Tuesday 25 June 2013

Transplants and chemo and all that stuff

I saw my doctor today, and he was more optimistic than usual. Meaning he didn't just sit there and spit out percentages and possibilities, so that was nice. And he seemed more upbeat than he usually does. Yay. Anyway, I found out a bunch of stuff:

-I'm still neutropenic. STILL. Even though I finished my last bout of chemo three weeks ago. As it turns out, though, this is normal; each time I get chemo, the longer the neutropenic period is, as my body gets "more & more beat-up". So, house arrest continues (sigh), BUT my counts are coming back up. I'm not yet quite sure what this means for all the partying I had planned for this weekend. GET ME OUT OF THIS APARTMENT GODSDAMMIT. -__- Cabin fever is eating me from the inside!


-Now, this is pretty interesting. A potential donor for me was found!.... but only matched me at 8/10. (The lowest a match should be is 9/10.) According to my doctor, given that a transplant won't increase my chances of survival by THAT much, added to the risk of a 8/10 match plus the fact that transplants are risky in general, he decided that it's a no-go and opted for more chemo instead; one round the second week of July, and one more in August, then they stop.
 

-He said they would continue to search for a donor, but if 3-4 years go by and I don't relapse, they would stop looking, as generally no relapse in 3-4 years means a relapse isn't likely to happen again!
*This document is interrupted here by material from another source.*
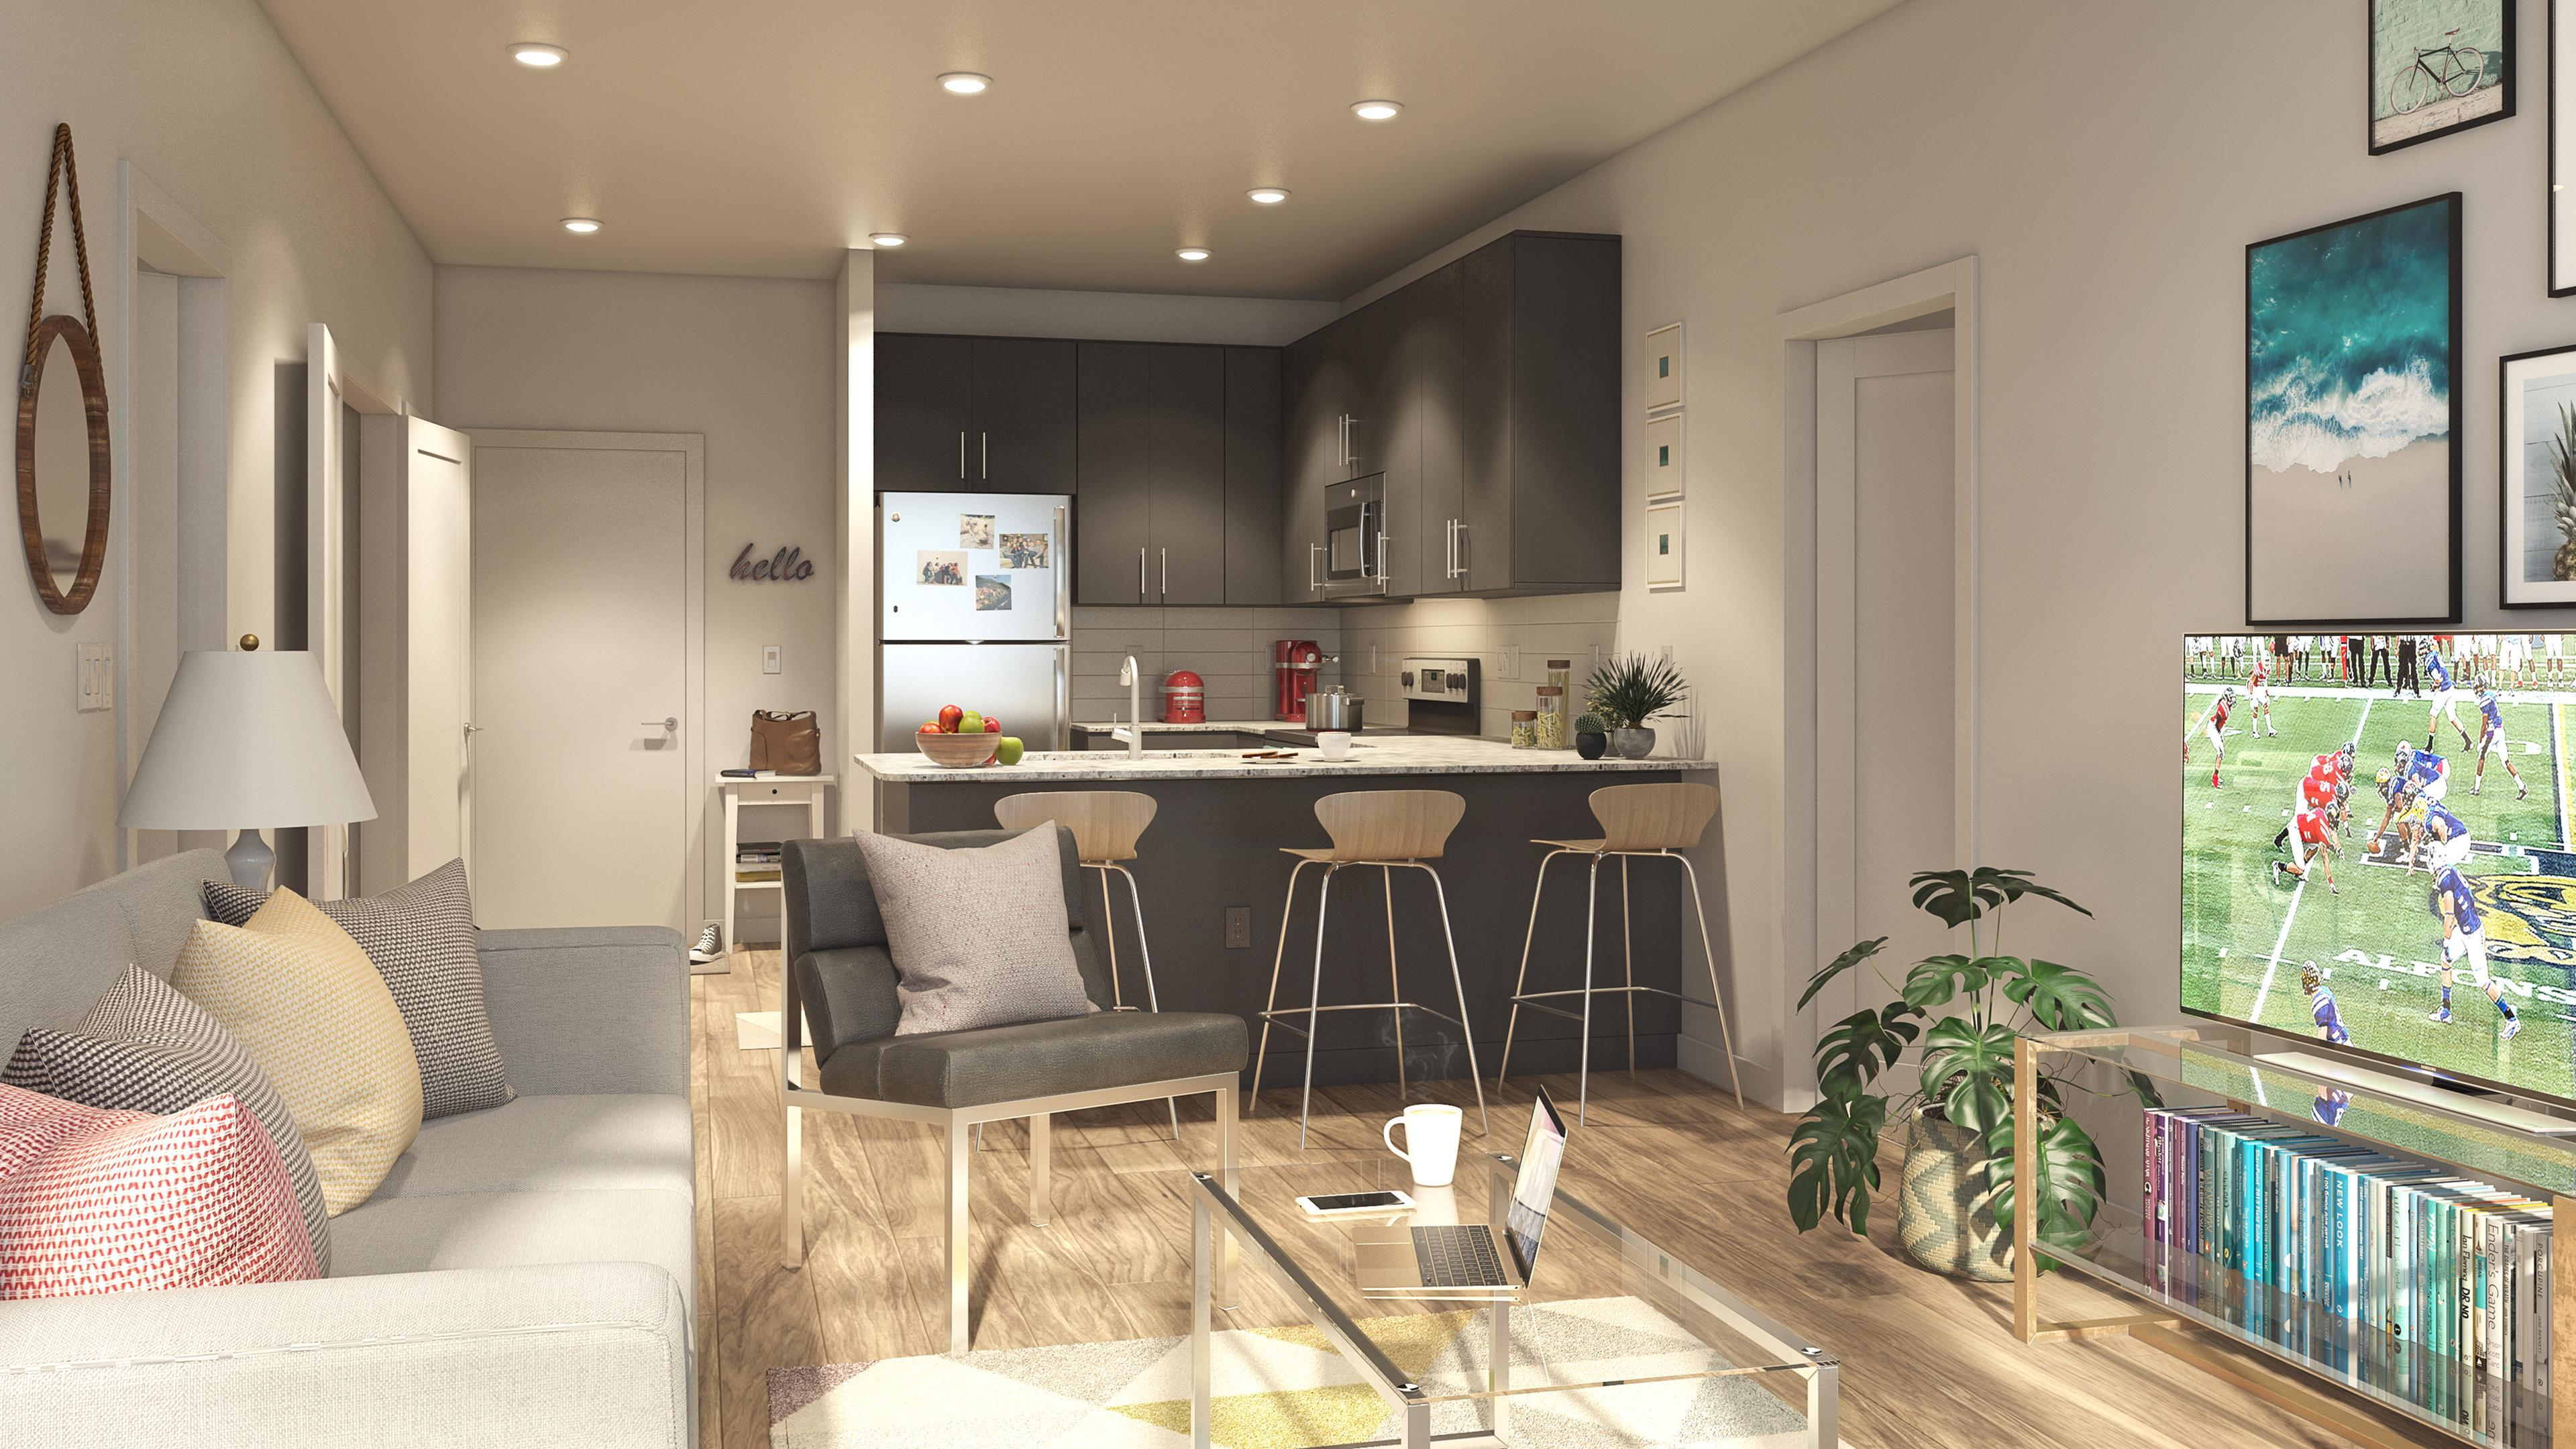 Onshore Daytona Apartments Reviews, Ratings | Apartments near 1100 Halifax Medical Center Drive , Daytona Beach FL

-Overall, my doc says he's pleased with the way things are going and that I react to chemo well. When I pointed my horror to nearly ending up in the ICU last time and how going into septic shock was the most horrible experience of my life, he said, "well, these are risks of chemotherapy." NOT rudely, NOT condescendingly, not dissmissive...just matter-of-factly. I'm still scared to death of chemo, but he made me feel better somehow. Sorta. It just...it feels good to know that, as scary and potentially deadly as it was, it was a on par with how chemo can be. It'd be a lot worse if the doctors freaked out and said "This NEVER happens!" and/or had to stop the chemo because of it, or something.

Like I said earlier, it was nice to see my doctor being optimistic. The best part is, he talked about me being alive in 3-4 years as some kind of real possibility instead of some kind of unattainable goal. It's a nice change.